Cabe lembrar que, com fins de aprofundamento da análise, mas sem a pretensão de
limitá-la ao que está exposto, destacam-se quatro atividades do livro para o desenvolvimento
deste trabalho. A primeira atividade está na subunidade “para ler”, a segunda na subunidade
“estudo da língua” e as duas últimas na subunidade “produção de texto”.
O livro didático de Língua Portuguesa dos anos iniciais sob a perspectiva da
sociolinguística
O livro didático, um dos materiais do trabalho pedagógico, também se transformou ao
longo do tempo, assim como a educação. Segundo Freitas e Rodrigues (2008), a origem do
livro didático é datada no século XV, antes da invenção da imprensa, quando cadernos de
textos eram produzidos pelos próprios estudantes universitários da Europa. O advento da
imprensa trouxe a produção em série dos livros e, com o passar do tempo, solidificou-se a
ideia do material impresso como depositário de verdades científicas.

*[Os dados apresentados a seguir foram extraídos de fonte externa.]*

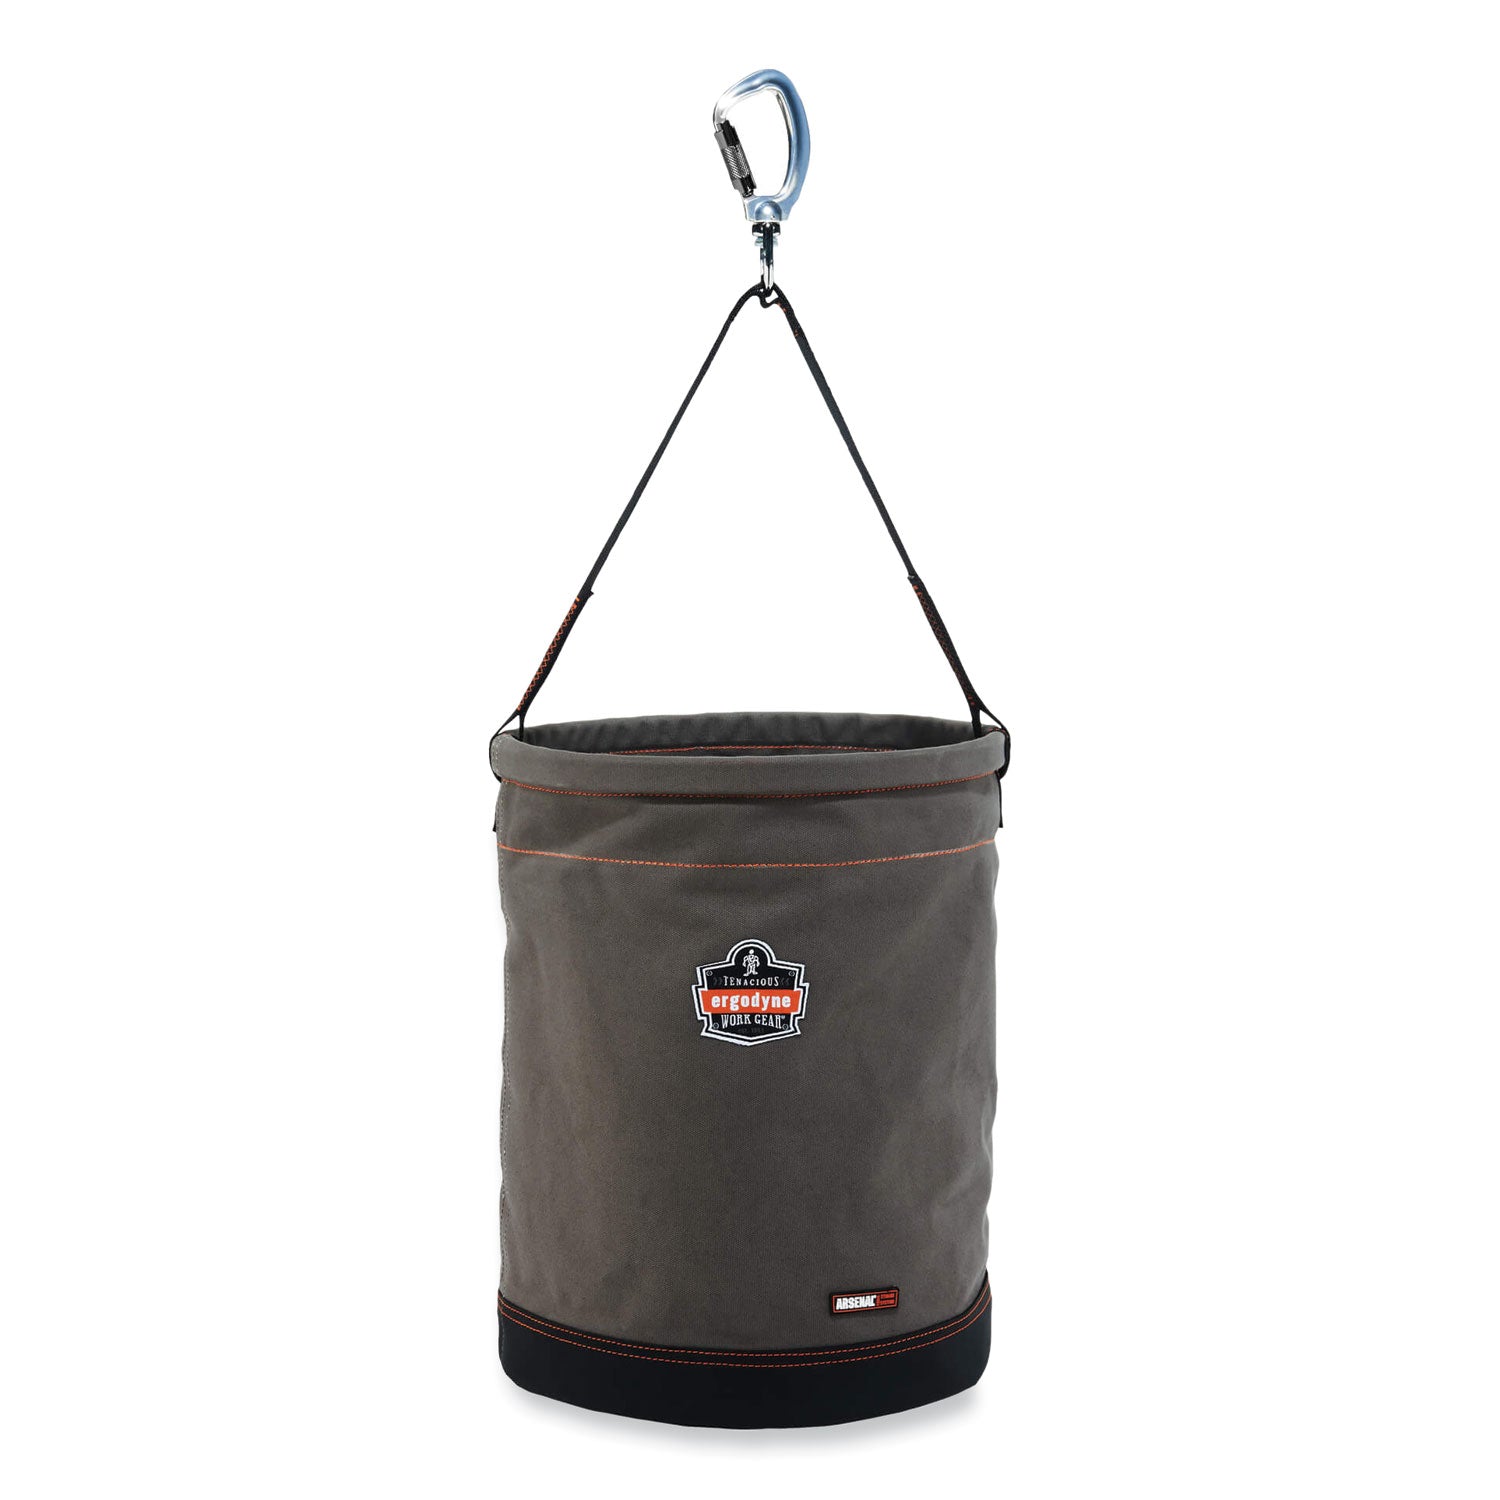 arsenal-5945-extra-large-swiveling-carabiner-canvas-hoist-bucket-150-lb-gray-ships-in-1-3-business-days_ego14945 - 1

O período entre 1929 até os anos de 1990 marcou o início da trajetória do livro
didático no cenário educacional brasileiro, no qual várias ações políticas foram executadas e
substituídas ao longo dos anos. Os primeiros passos da inserção do livro didático nas escolas
se deram através da criação de políticas e legislações referentes à legitimação e a expansão
das obras até o controle destas, que, frente a respostas insuficientes, levaram a seguidas ações
substitutivas. Tais ações foram motivadas por críticas de diversas naturezas, como por
exemplo: o controle das obras sendo mais político-ideológico do que uma função didática, a
detenção do controle somente nas mãos de órgãos internacionais, a insuficiência de recursos,
o não cumprimento dos prazos de entrega dos livros, a pressão política das editoras, e o
autoritarismo na seleção dos livros (FREITAS; RODRIGUES, 2008).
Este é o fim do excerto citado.